Only the lines from the one containing "Murhpy's West End" to the end of the records should be given again, word for word and in full.

Collected data entries
◇ ◇ ◇ ◇
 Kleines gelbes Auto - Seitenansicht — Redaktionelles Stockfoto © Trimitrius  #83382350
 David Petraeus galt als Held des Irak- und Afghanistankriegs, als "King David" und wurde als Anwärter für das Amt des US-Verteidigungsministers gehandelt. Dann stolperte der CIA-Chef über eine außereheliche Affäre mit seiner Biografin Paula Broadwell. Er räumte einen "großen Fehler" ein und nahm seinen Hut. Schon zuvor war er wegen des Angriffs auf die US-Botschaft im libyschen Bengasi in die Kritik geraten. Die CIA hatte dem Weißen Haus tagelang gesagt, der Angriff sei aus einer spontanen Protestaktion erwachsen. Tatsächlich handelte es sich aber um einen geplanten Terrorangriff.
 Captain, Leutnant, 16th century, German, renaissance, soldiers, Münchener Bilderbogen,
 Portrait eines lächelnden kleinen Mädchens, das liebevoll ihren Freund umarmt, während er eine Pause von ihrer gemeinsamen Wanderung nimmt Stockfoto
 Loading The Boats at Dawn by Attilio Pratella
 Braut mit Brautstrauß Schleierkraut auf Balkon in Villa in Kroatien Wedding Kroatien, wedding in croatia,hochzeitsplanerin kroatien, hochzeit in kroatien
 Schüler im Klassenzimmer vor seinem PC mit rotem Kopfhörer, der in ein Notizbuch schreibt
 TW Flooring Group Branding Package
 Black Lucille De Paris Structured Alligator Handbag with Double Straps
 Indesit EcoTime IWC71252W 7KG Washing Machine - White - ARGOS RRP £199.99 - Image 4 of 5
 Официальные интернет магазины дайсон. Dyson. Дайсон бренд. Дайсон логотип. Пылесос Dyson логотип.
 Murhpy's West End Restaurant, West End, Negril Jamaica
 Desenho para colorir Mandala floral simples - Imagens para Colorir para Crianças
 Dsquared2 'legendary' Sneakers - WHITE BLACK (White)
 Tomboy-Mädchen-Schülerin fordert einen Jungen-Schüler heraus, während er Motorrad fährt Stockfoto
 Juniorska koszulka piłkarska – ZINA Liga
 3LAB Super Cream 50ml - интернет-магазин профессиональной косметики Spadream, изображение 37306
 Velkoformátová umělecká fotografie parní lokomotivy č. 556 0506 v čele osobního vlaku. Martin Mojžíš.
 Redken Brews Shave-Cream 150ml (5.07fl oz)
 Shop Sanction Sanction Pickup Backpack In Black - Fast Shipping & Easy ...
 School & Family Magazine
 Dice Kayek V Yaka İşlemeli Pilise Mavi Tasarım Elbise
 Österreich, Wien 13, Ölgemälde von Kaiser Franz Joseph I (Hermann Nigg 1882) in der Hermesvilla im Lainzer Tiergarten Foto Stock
◇ ◇ ◇ ◇
[Expected answer]
 Murhpy's West End Restaurant, West End, Negril Jamaica
 Desenho para colorir Mandala floral simples - Imagens para Colorir para Crianças
 Dsquared2 'legendary' Sneakers - WHITE BLACK (White)
 Tomboy-Mädchen-Schülerin fordert einen Jungen-Schüler heraus, während er Motorrad fährt Stockfoto
 Juniorska koszulka piłkarska – ZINA Liga
 3LAB Super Cream 50ml - интернет-магазин профессиональной косметики Spadream, изображение 37306
 Velkoformátová umělecká fotografie parní lokomotivy č. 556 0506 v čele osobního vlaku. Martin Mojžíš.
 Redken Brews Shave-Cream 150ml (5.07fl oz)
 Shop Sanction Sanction Pickup Backpack In Black - Fast Shipping & Easy ...
 School & Family Magazine
 Dice Kayek V Yaka İşlemeli Pilise Mavi Tasarım Elbise
 Österreich, Wien 13, Ölgemälde von Kaiser Franz Joseph I (Hermann Nigg 1882) in der Hermesvilla im Lainzer Tiergarten Foto Stock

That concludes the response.